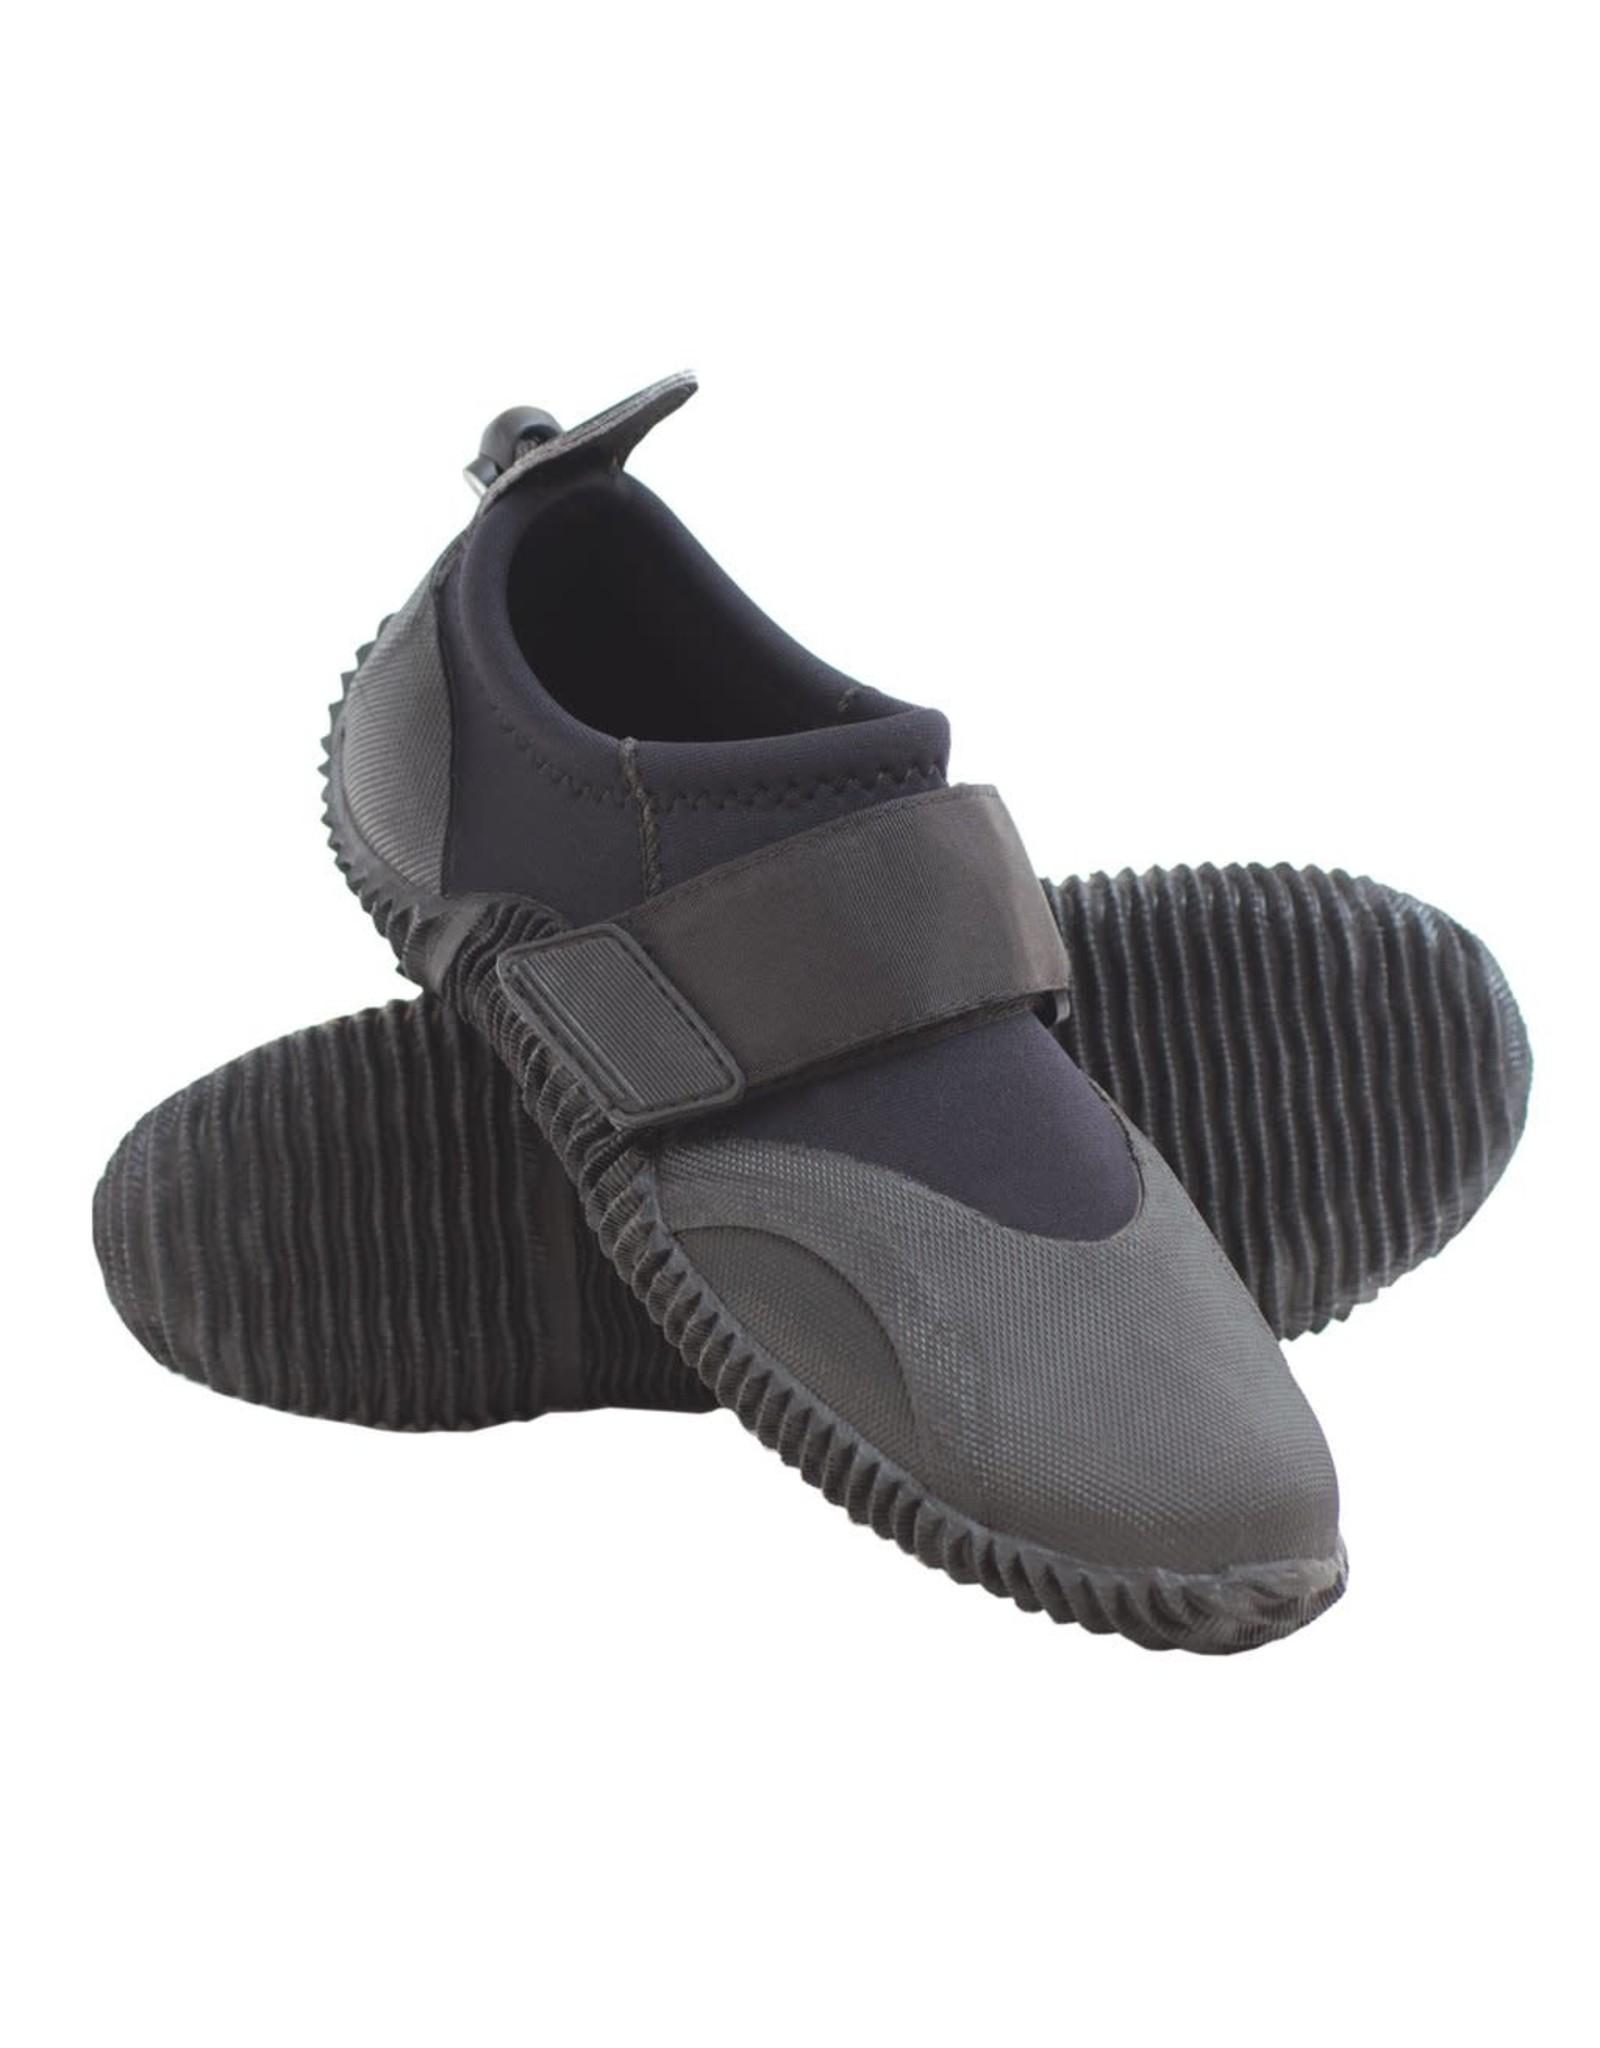 Atlan Atlan luxury water shoe 5
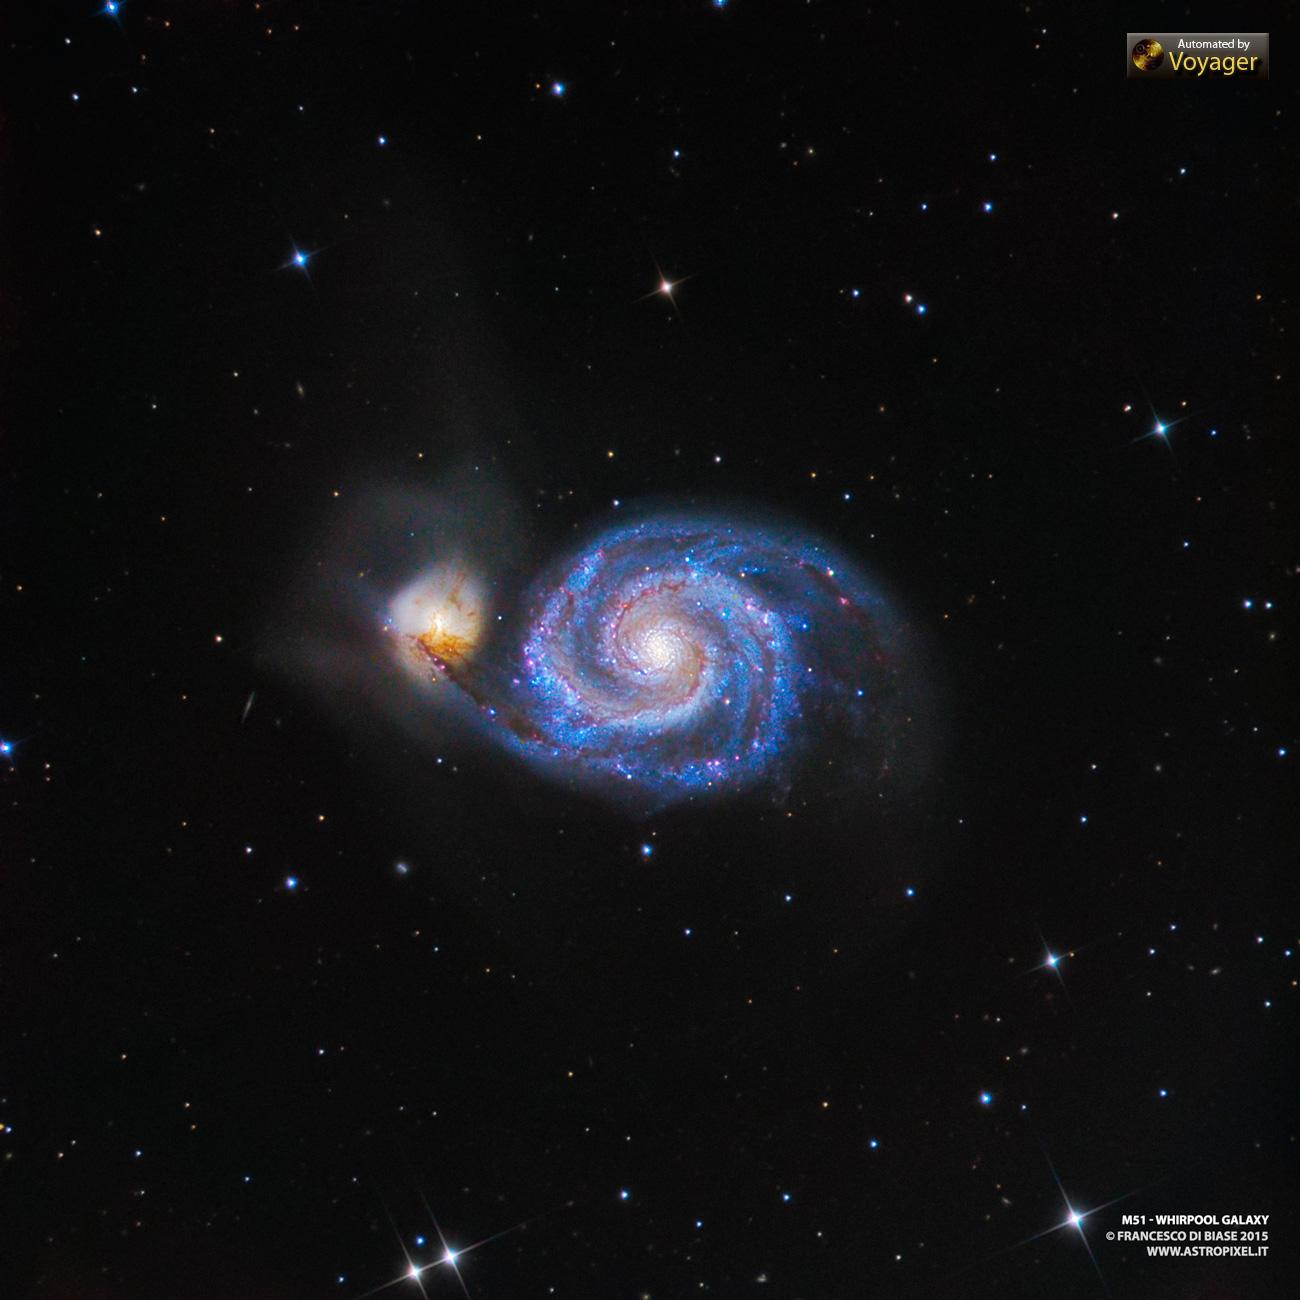 _M51_Voyager
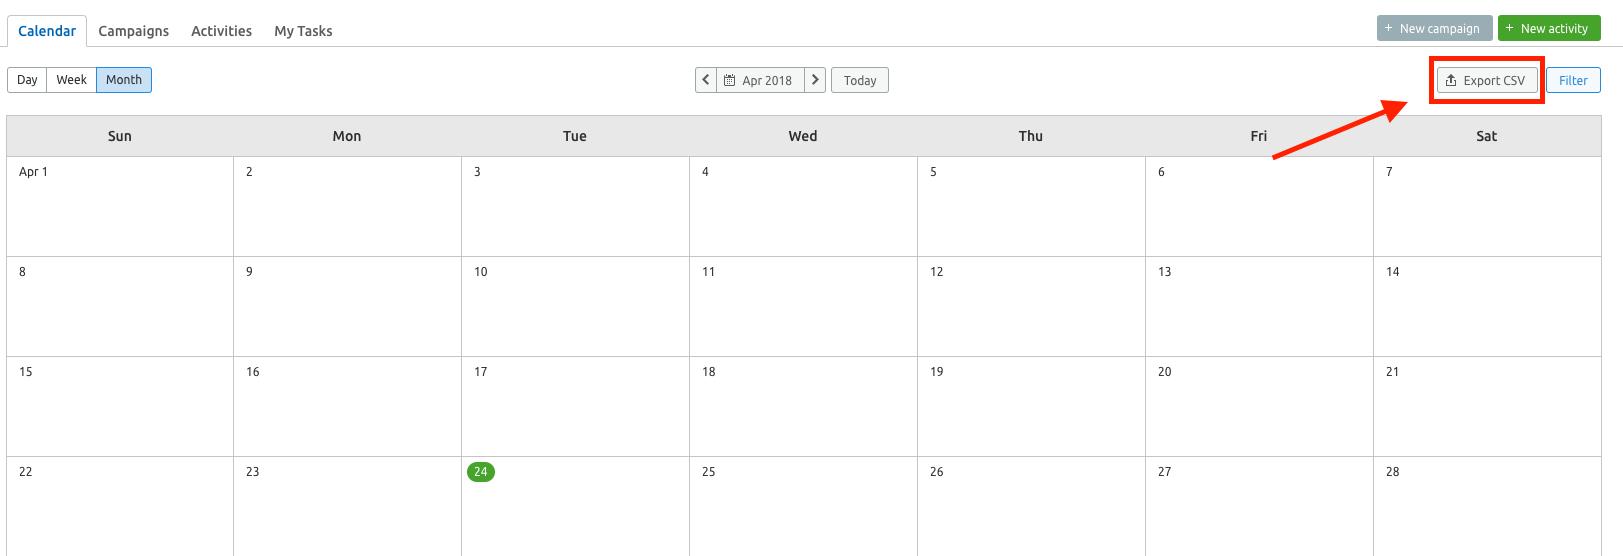 Marketing Calendar image 10
────────────────────────────────────────
(Task to carry out): What you output must match the data exactly, apart from the pictures, which are left out.

(Written answer):
 Atlan Atlan luxury water shoe 5
 _M51_Voyager
 Marketing Calendar image 10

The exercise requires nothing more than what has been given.